Turnovers … by Alan B. Gibson

Posted May 26, 2020 at 2:26 pm

Mac's tieG.psd

Another good friend is gone

“What’s going on, Turnovers?”

That’s the way David McFarland always greeted me. Never Al, never Gibson, never anything else – just Turnovers whenever he would first see me. After that, on the basketball floor sidelines or on the golf course, he called me Al, but that first greeting every time, I knew who it was, without having to look.

David McFarland was the first girls’ coach I worked with as a young reporter who was just starting out in this business.

We became good friends and there are stories I can’t repeat in this space, but there were a lot of good times. Many on the sidelines, many more on the golf course. Most of the off colored ones during trips to the KHSAA Sweet 16.

Sitting where I do at the official table during games, I’ve developed a lot of special relationships with a lot of coaches during the past four plus decades, but Mac was one of the more special ones.

It wasn’t a strange occurrence at all, especially during those early years, to answer the door and there would be Mac, inviting himself in just to spend some time talking with me and Janie and unloading whatever was on his mind.

He lived hard, and he had fun, but if he told you he would do something – write it down. It was a sure bet, especially if you were his friend.

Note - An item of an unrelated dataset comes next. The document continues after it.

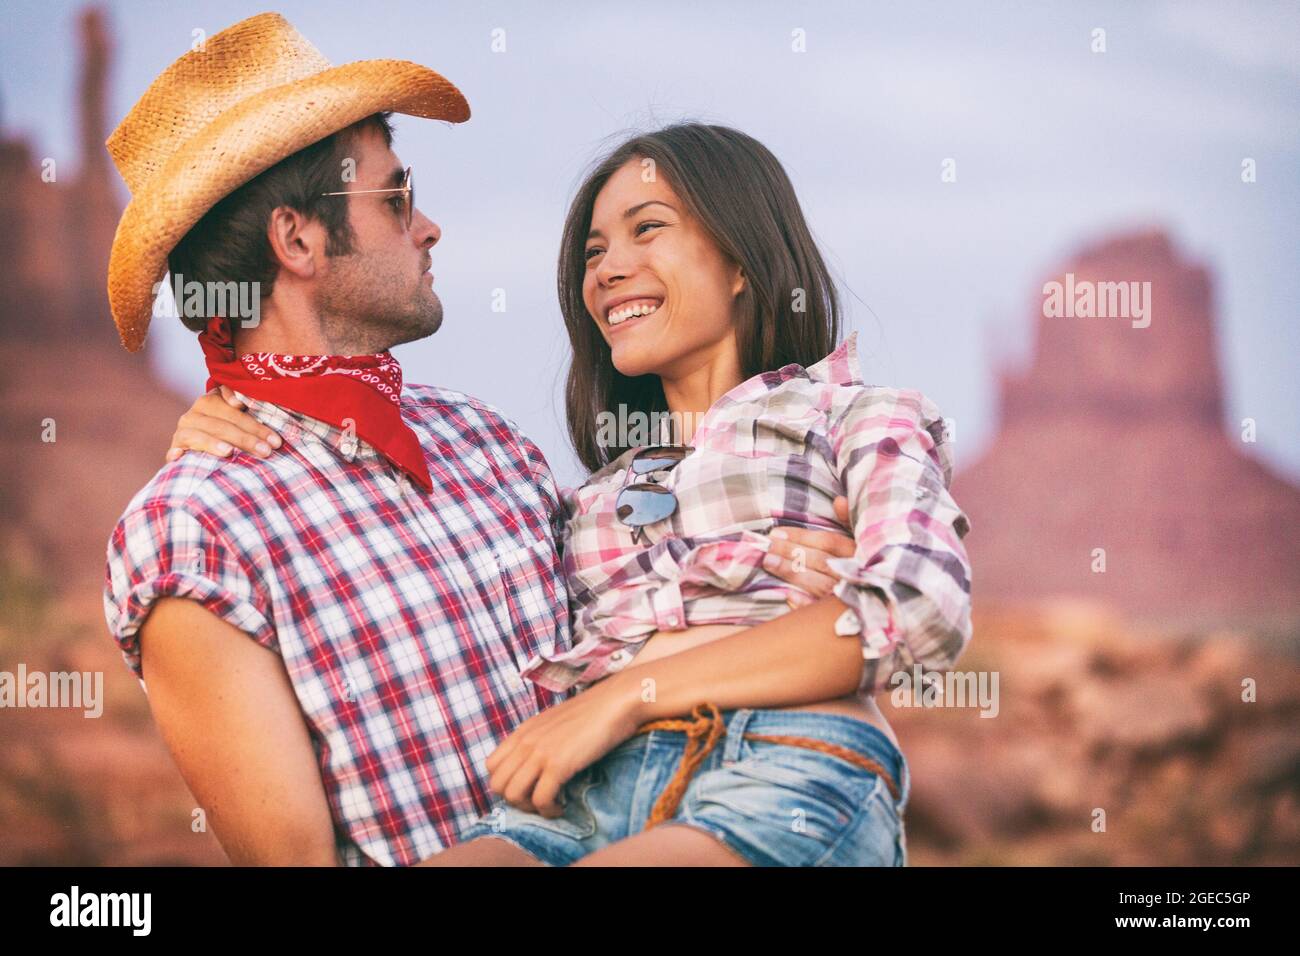 Vaqueros De Nuevo Mexico Fotos e Imágenes de stock - Alamy
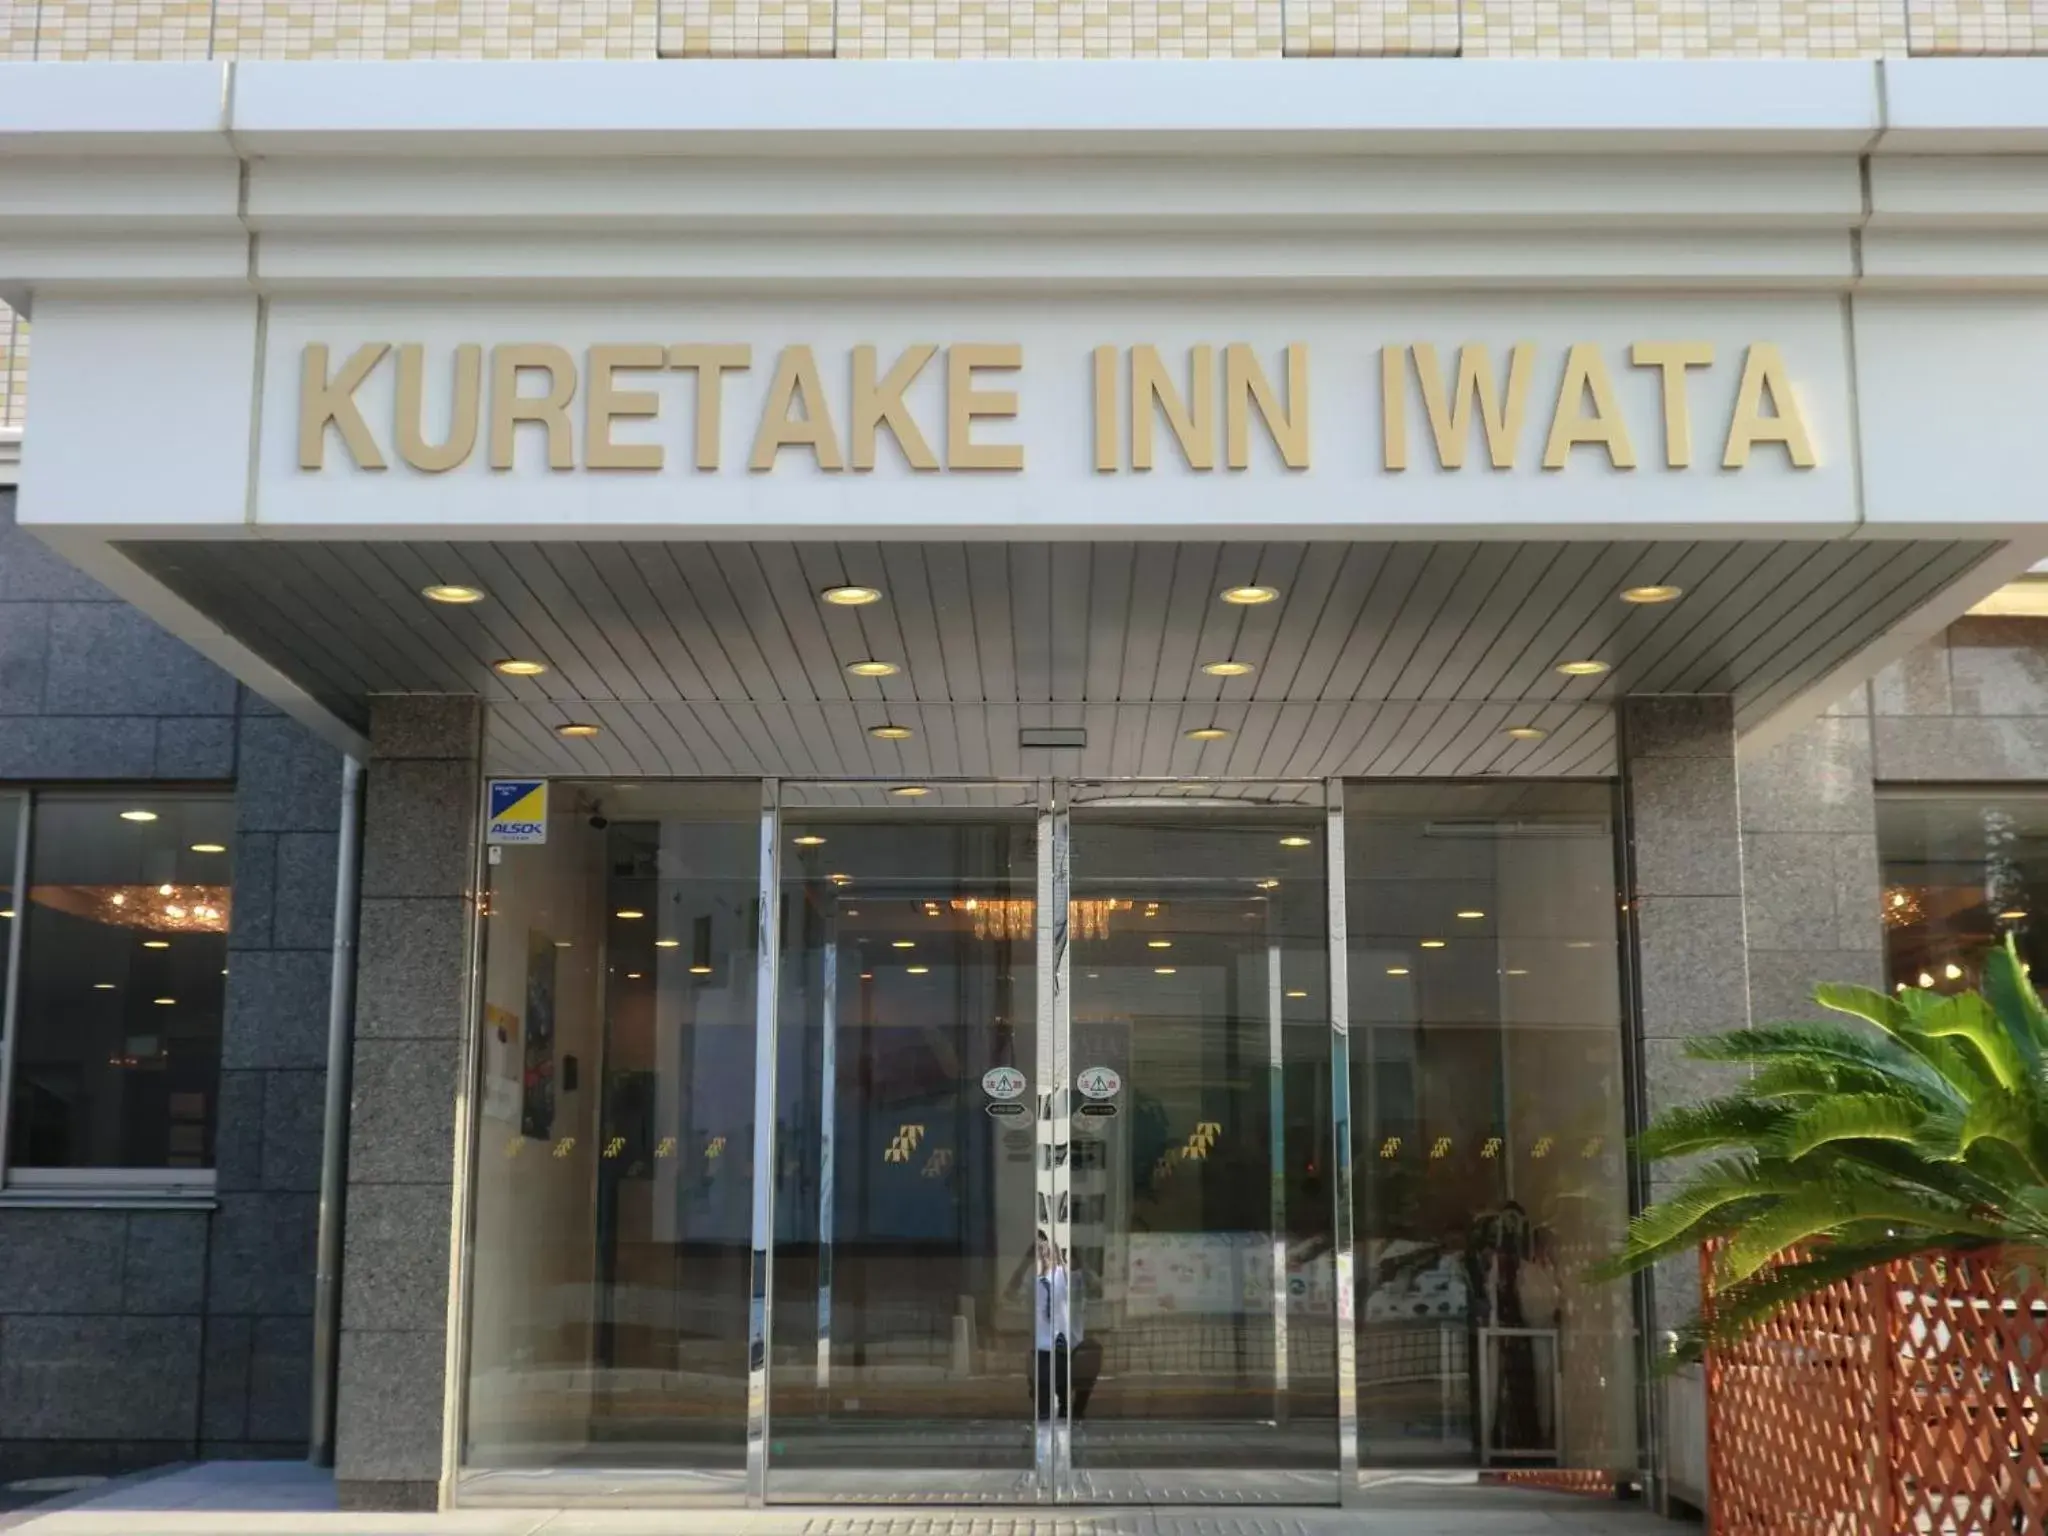 Facade/entrance in Kuretake-Inn Iwata

“You should write a book about some of this stuff,” Mac told me often through those first nine seasons he coached the Lady Bulldogs, when we would be witness to some strange happenings on or off the floor. Believe me, there have been some strange happenings.

One of the wildest occurrences happened after the last play of the last game of a season, during that stretch when the KHSAA made the failed attempt of sitting teams in the end zone rather that on the sidelines.

I had been sitting on the floor, close to Mac’s seat, making photos in the district tournament that year at another site, when a last second shot missed its mark and landed right in the outstretched hands of McFarland as the horn sounded an end to Clinton County’s season with a loss.

Unhappy with the way the game had been called, and with the referee just a few feet away with outstretched hands in a gesture asking for the basketball, McFarland sent it right at him with such velocity that it knocked his glasses off his face and clearly took him off his step.

With the game over and no reason to call a technical foul, Mac just smiled as the ref picked up his glasses and left the floor, with ball still rolling across the floor.

Then there was the only time (that I’m aware of, at least), that Mac was mad at me. It happened during that same failed stretch when the KHSAA thought sitting teams in the end zones was a good idea. One night, during a closer away game than any Lady Dawg fan was hoping for, I was sitting under the goal making photos, just a few feet from Mac’s end of the bench chair.

Apparently what I should have kept to myself as a thought, came out aloud when I told a ref that a call he had made “sucked” and looking down at me in my Bulldog blue shirt and that old baseball cap I use to wear that was covered in Bulldog pins – the ref proceeded to “T”
me up.

Explaining that I wasn’t actually affiliated with the school didn’t help the situation and when I glanced over at Mac, there it was. The stare. That same stare that I had seen him give players for years from the bench.

He didn’t say a word, but I could read his mind: “Turnovers, if we lose this game by one, I’m going to kill you.”

Fortunately the night ended with a Lady Bulldogs win and he never, ever made mention of it at all. Neither did I.

When he finally left coaching for good, after leading the Bulldogs to a 16th District Championship in 1992, he showed up in my office one day with a plastic bag in his hand.

In it was his favorite “dress-up game” necktie, a blue, wide tie adorned with Bulldogs. It was adorned with several beer steins as well, and I had pointed out to him several times that I couldn’t believe he was able to get away with wearing that tie in Clinton County.

“I had it dry cleaned and now it’s yours – you’re the only one who noticed the beer steins.” McFarland said as he put it in my hands.

I never did find an occasion to put that necktie on, but it hung proudly in my closest with a host of other neckties.

On another occasion at the local golf course, things went bad one afternoon during a golf match and I spent a few seconds nose to nose with another fellow playing on an opposing team.

When the situation ended – without blows from either of us – I turned to walk back to the tee and McFarland was standing right behind me – he had my back.

“You’re a better man that I am, Turnovers,” McFarland said. “I’ would have already cleaned his clock.”

I stopped by Talbott Funeral Home Monday morning to see my friend, David McFarland, one last time.

I wore a necktie. It was blue, adorned with Bulldogs. And beer steins.

I’m going to miss my friend, David “Mac” McFarland.

McFarland Coaches.psd

David McFarland talks to his players at a timeout during the 1985-86 season. McFarland, who coached the Lady Dawgs, later the Bulldogs and also baseball at Clinton County High School, passed away last week at age 74.